Но Честь моя, останется со мной…
Жалко, правда уходить из жизни с клеймом преступника и предателя! Но ничего, надеюсь, потомки будут достаточно мудры, что бы разобраться, кто прав, а кто поистине виновен. Если же нет… тогда не стоит «метать бисер перед свиньями», как любят говорить несториане, повторяя слова мудреца Назорея (так христиане-несториане называли Иисуса Христа – Б.А.).

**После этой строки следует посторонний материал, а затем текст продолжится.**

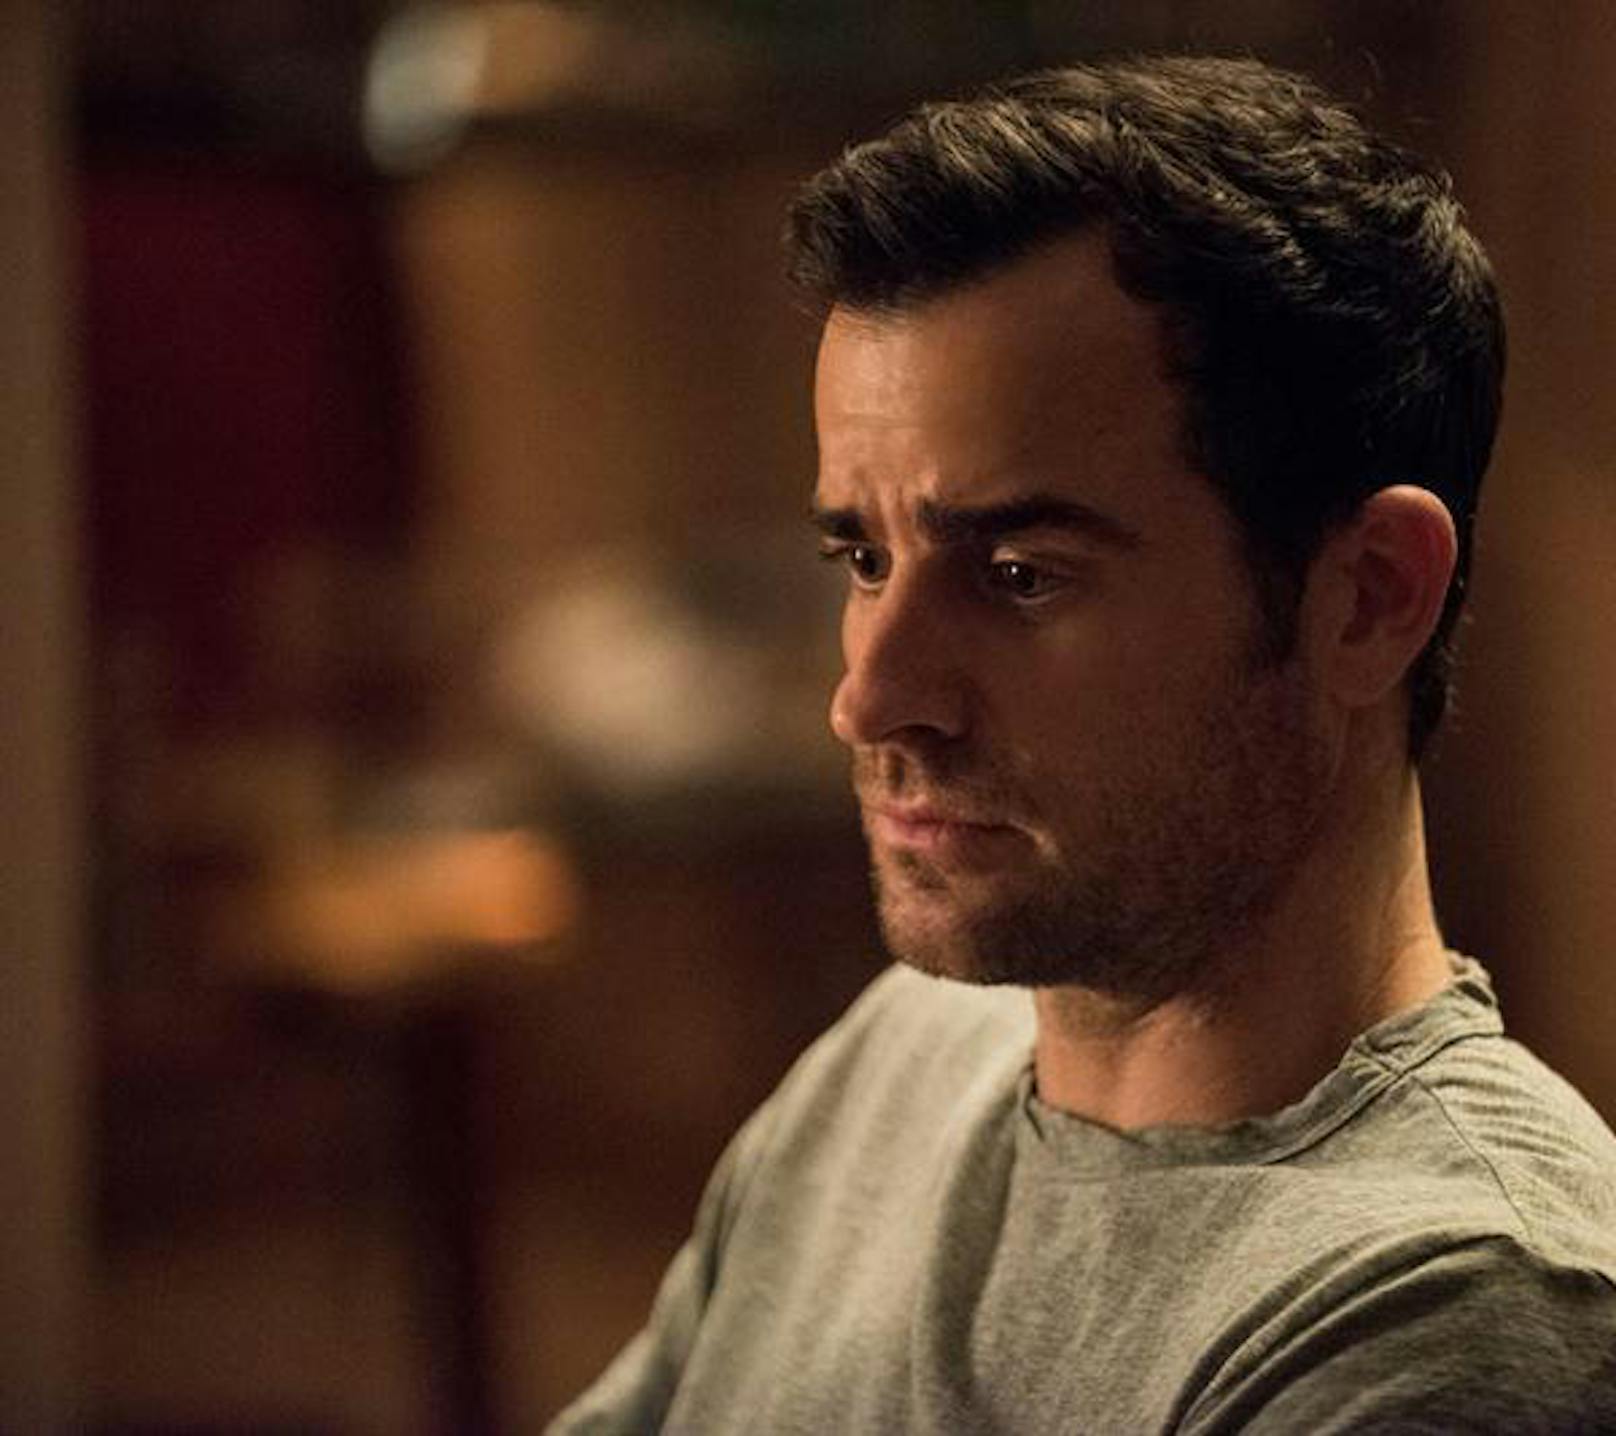 Justin Theroux in "The Leftovers"

Но я не мог поступить иначе, видя что Держава, созданная нашими трудами становиться лишь забавной игрушкой в тонких изнеженных пальцах людей, считающих, что лишь по праву рождения и крови они имеют право вершить судьбу Державы и народа.
Нет уже людей, готовых просто отдать Власть, как сделал это Толуй, передав власть Угедею, одному из своих старших братьев. А когда было нужно, не дрогнув пошел и совершил обряд «дзолик гаргаху», выкупив своей жизнью, жизнь своего брата и Великого Хана. Тогда Угедей тяжело заболел и шаманы разжигали костры, били в бубны и напрасно просили духов – хозяинов местных земель и вод, принять вместо души Угэдэя золото, серебро, скот или съестное в качестве дзолика - выкупа. Но духи не соглашались, и устами шаманов сказали, что выкупом может стать только родственник больного. Присутствовавший при этом Толуй со словами «вместо Угедей-хана возьми меня, ему дай исцеление от этого недуга, а его недуг вложи в меня» выпил заговорённую шаманами воду. И вскоре Толуй умер, а Угедей - поправился…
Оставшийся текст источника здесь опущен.